Is the Shadowrun UK setting really that political? Isn’t it very old as well? How much of it has come true?
December 14, 2012 at 8:14 am
“but it did occur to me that population growth driven by poorer young people with no capital (from Eastern Europe) could see the home ownership rate decline overall but no effect on the native born”
This check is basically the same one I suggested as “churn”. My churn remark was based on the idea that young people arrive (with or without capital), rent, earn money and leave without every wanting to buy a house. That’d have the same impact as saying immigrants being too poor to buy one when measured at any point in time.
As for the housing boom being a bad thing, I’m still standing strong on the idea that continual increases in housing prices (when exceeding inflation) is a bad thing. It either indicates a bubble or that your housing supply and demand are moving out of equilibrium (i.e. not building enough housing).
”Is the Shadowrun UK setting really that political?

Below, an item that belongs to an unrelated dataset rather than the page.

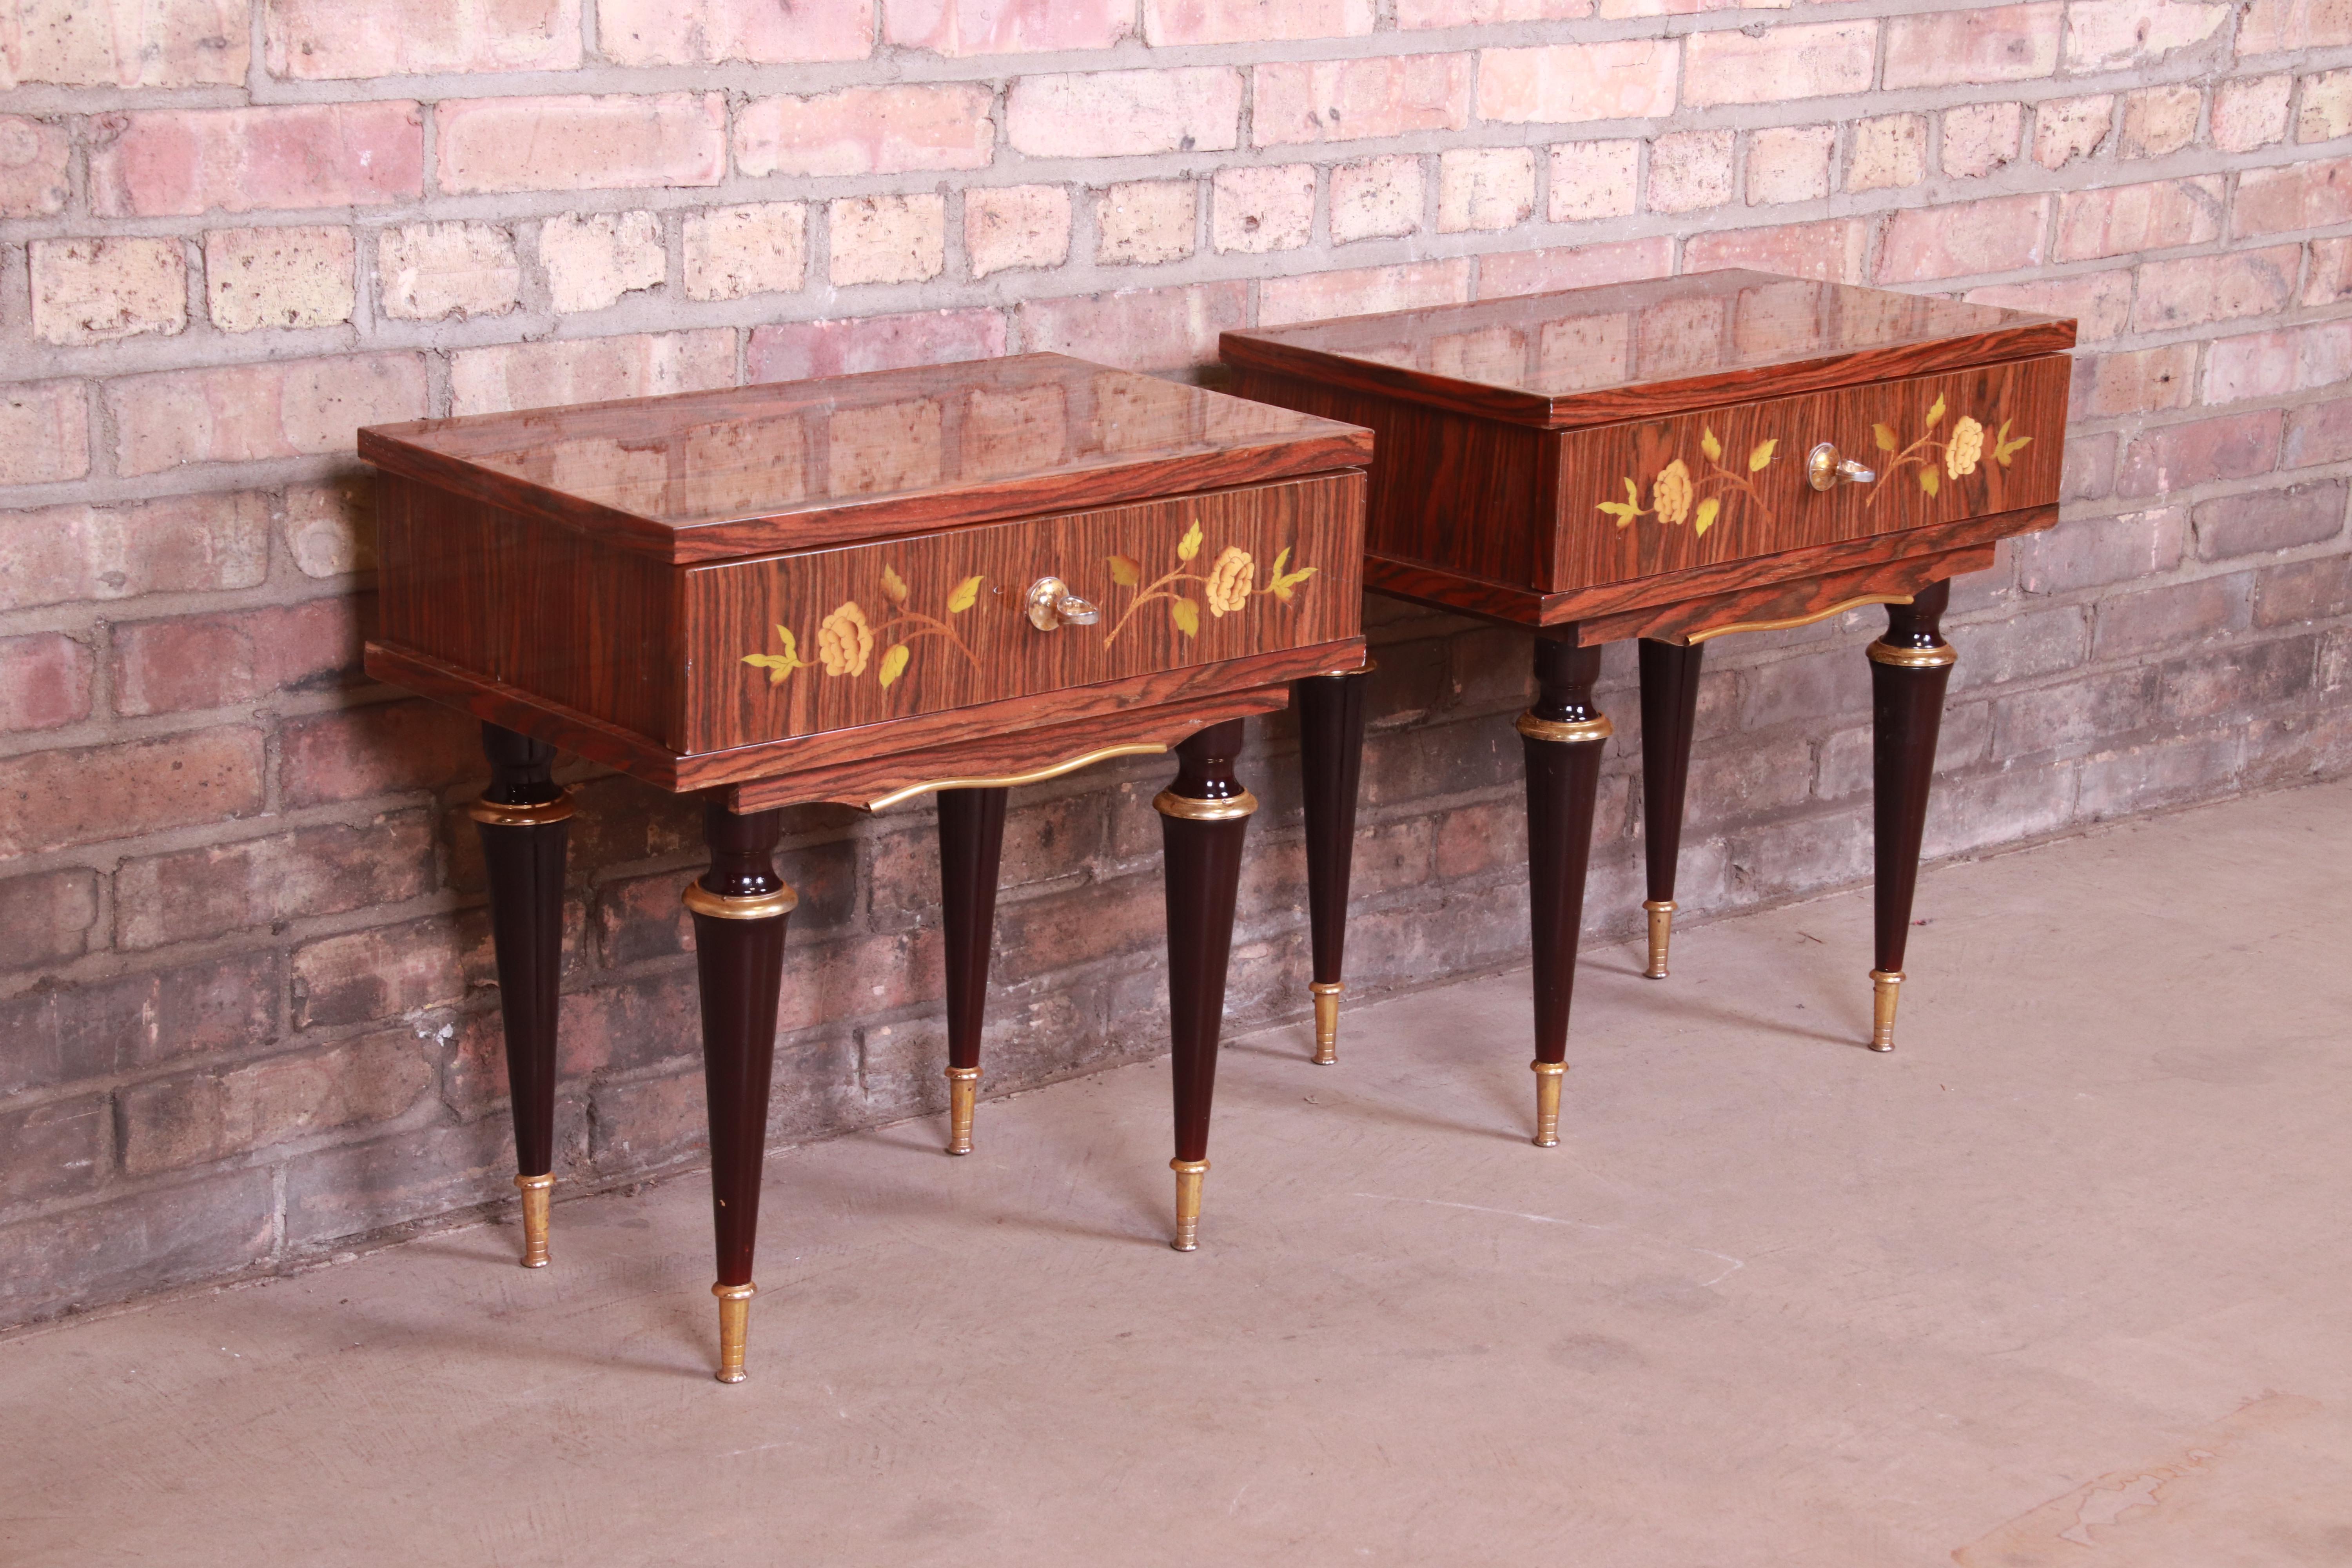 French Art Deco Macassar Ebony Inlaid Marquetry Nightstands, Circa 1950s For Sale 1

Isn’t it very old as well? How much of it has come true?”
The first couple of chapters are written with anarchist slants suggesting that the rich are always getting richer at the poor’s expense, that the Tories are fascists puppets of corporate interests and that class drives everything in the UK without fail.
Predictions I recall include 1. The Tories in power throughout the 90s, 2. Charles becoming king in 2009, 3. massive environmental damage caused by corporations that kills thousands and of course a core of Shadowrun 4. Japanese business interests command huge power around the world (as the series started in the 80s when predictions where Japan would buy everyone everywhere instead of slumping into a 2 decade gentile stagnation).
November 19, 2013 at 4:09 am
[…] was viewed on 15 Dec 2011.c.com [2]https://faustusnotes.wordpress.com/2012/12/11/the-2011-uk-census-a-victory-for-atheism/ was viewed on 15 Dec 2011. […]
November 19, 2013 at 2:51 pm
Wow thanks Islam21C. Your link here made me re-read my post and realise I meant “genteel” not “gentile”.
Body is my face read for a nearly year past mistake.